Monthly Film Bulletin said "After Performance and Get Carter, there appear to be few atrocities left unexplored in the British underworld. But where the latter’s determinedly ‘unsentimental’ approach resulted in an automaton hero and a story-line loose enough to accommodate a maximum number of picturesque deaths in striking locations, Villain’s superficial nastiness (largely a matter of louder and better synchronised punches) conceals a relatively old-fashioned approach to the genre. The story ... is tidily plotted; the locations are functional; the bad characters are human enough to elicit sympathy at their downfall; and the film whirrs smoothly into top gear for its last-ditch climax, complete with curtain line. ("Who are you looking at?"’ yells Burton to the audience as he is led away handcuffed.) ... The performances are uniformly good; the screenplay, by Ian La Frenais and Dick Clement, is witty and laconic; and Michael Tuchner’s direction is thoroughly efficient, with the robbery itself and the bungled getaway brilliantly staged."

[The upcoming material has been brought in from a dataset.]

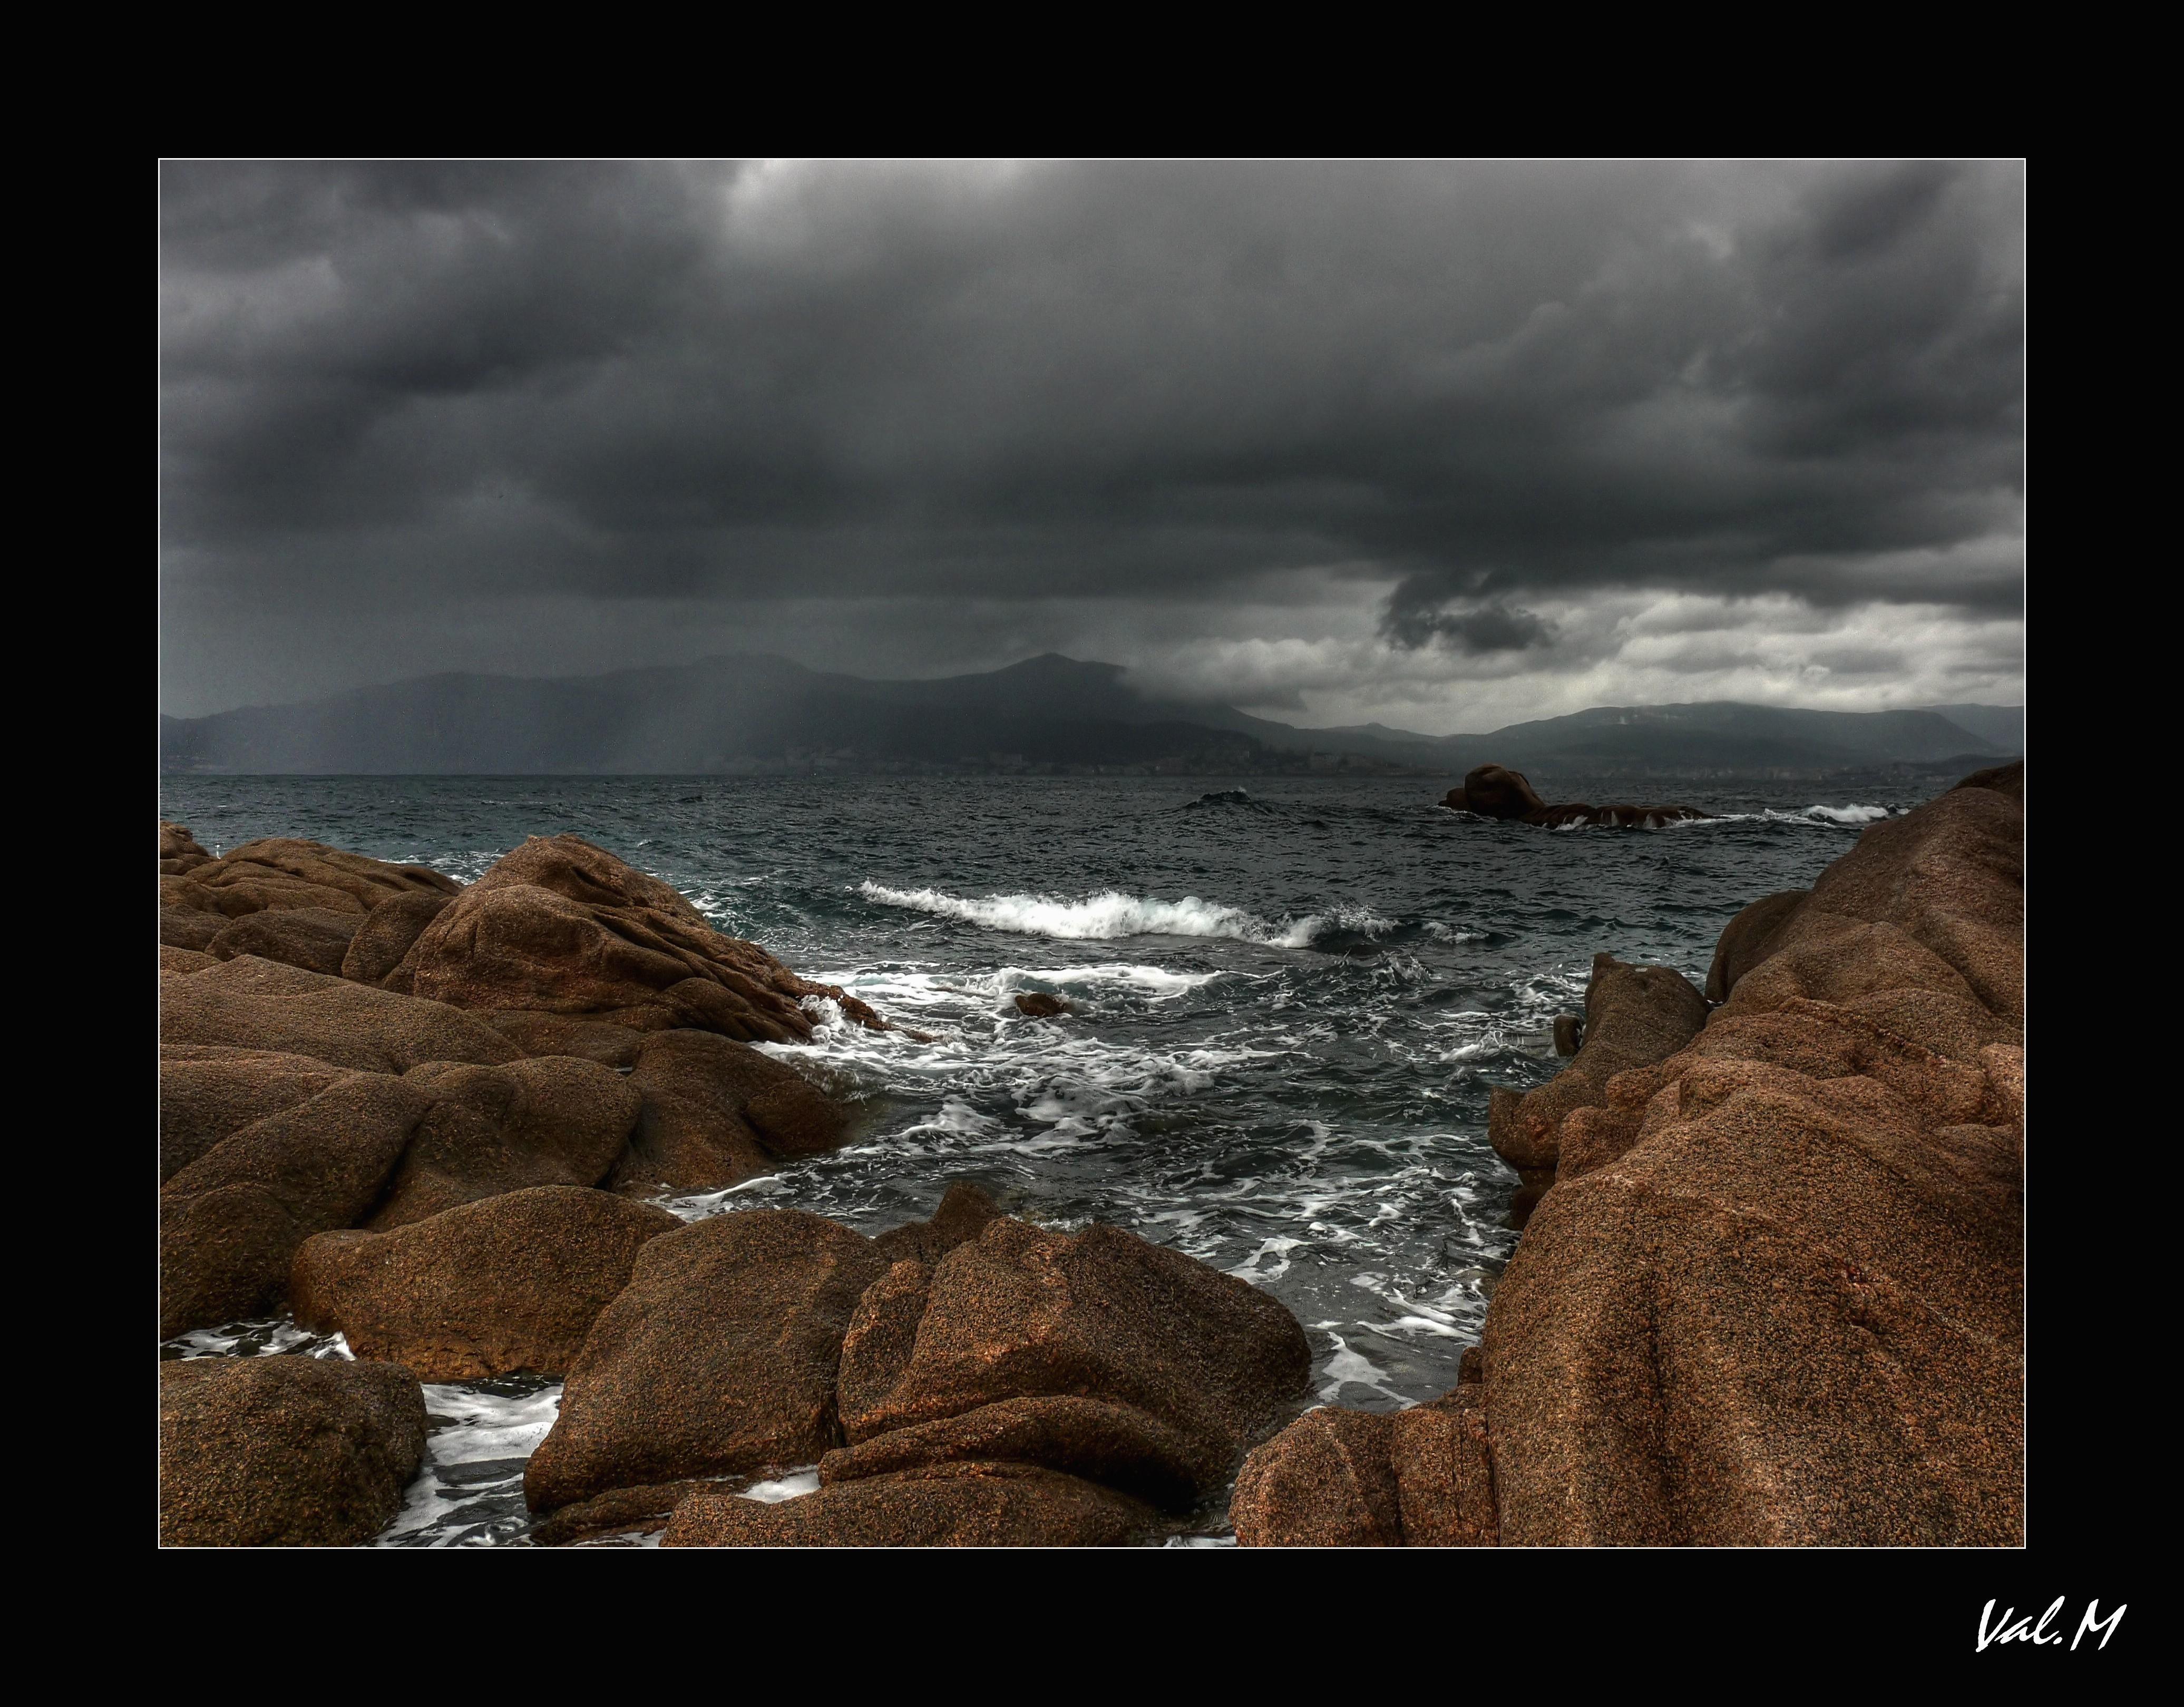 Wallpaper Landscape Sea Mediterranean Rock Shore Sky Calm

Variety wrote "When a film starts with a sequence where the star whips out a razor and uses it on an alleged informer, and very obviously enjoys doing it, there isn’t much chance that the general tone of the film will be a healthy one. Certainly Metro must depend on the action market for recovery of its production costs as serious filmgoers will not buy the sick tale unfolded in Villain."
Filmink called it "a gutsy, gripping film with a fearless performance from Burton."

In Wales and Cinema: the First Hundred Years, Peter Waymark described it as a "disappointingly histrionic London gangster movie."

In 2009, Empire named Villain #2 in a poll of the "20 Greatest Gangster Movies You've Never Seen* (*Probably)."